Where are the children in Jefferson City?

Tuesday, April 21, 2009

At a time when most of us are thankful for what we have around us -- good friends, neighbors, a job, family, health coverage -- I find it increasingly difficult to be so thankful for another legislative session of political wrangling, posturing and very little progress to bettering the lives of the children in this great state.

In January, our newly elected governor, Jay Nixon, spoke about the importance of the State Children's Health Insurance Program. He identified that there are nearly 150,000 children in our state who don't have health coverage, and that is too many.
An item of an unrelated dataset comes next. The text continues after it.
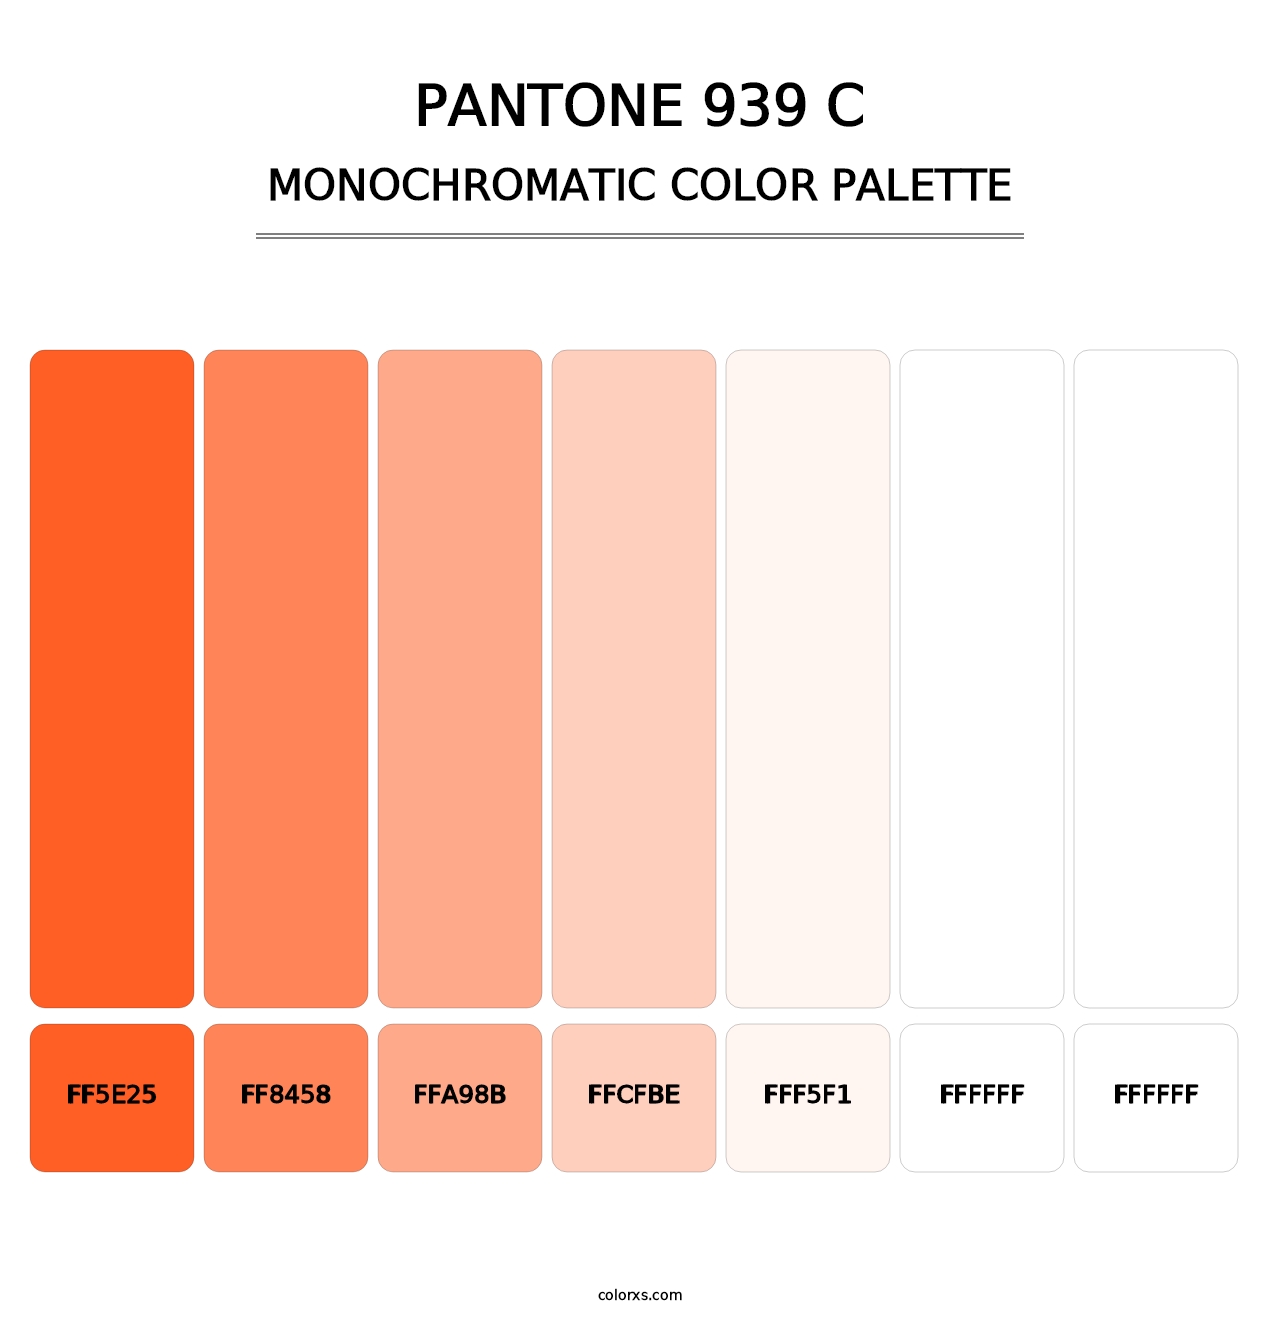 PANTONE 939 C - Monochromatic Color Palette

What is really a shame is that nearly two-thirds of those children, almost 100,000 of them, are eligible for the program but just not enrolled. In a time of fiscal shortfalls and cuts in vital programs for our children, many in our state legislature have turned their backs on these 100,000 children.

If the Missouri Legislature would have chosen to fully fund the State Children's Health Insurance Program, the state would have received almost $3 for every $1 they put into insuring children. We could have insured many of those uninsured children who are eligible for the program, with out expansion.
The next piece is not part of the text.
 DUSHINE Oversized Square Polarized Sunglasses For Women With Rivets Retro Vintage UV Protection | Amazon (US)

If you or I went to the grocery store and we received $3 for every $1 we spent on groceries, do you think we would do it? By not using these funds we do not help our state. Instead, the federal funds not used in Missouri get used in Massachusetts, New York and New Jersey.

Just recently an article came out highlighting a plan to identify and enroll 350,000 uninsured children in New Jersey. I wonder how many of those children are receiving Missouri's money?

State Rep. Bob Nance of Excelsior Springs is one of the few lawmakers who have introduced legislation addressing the outreach and enrollment efforts (House Bill 293). His bill is a first step toward more "express lane" eligibility, but it is only one step in the right direction.

In Missouri, one step in the right direction soon leads to a giant leap back. Recently I read the House passed a measure to strengthen the ability for college students to carry concealed weapons on campus; the measure is opposed by most of the college presidents.

What has happened to commonsense legislation?

F. Scott Gee of St. Louis is executive director of Citizens for Missouri's Children.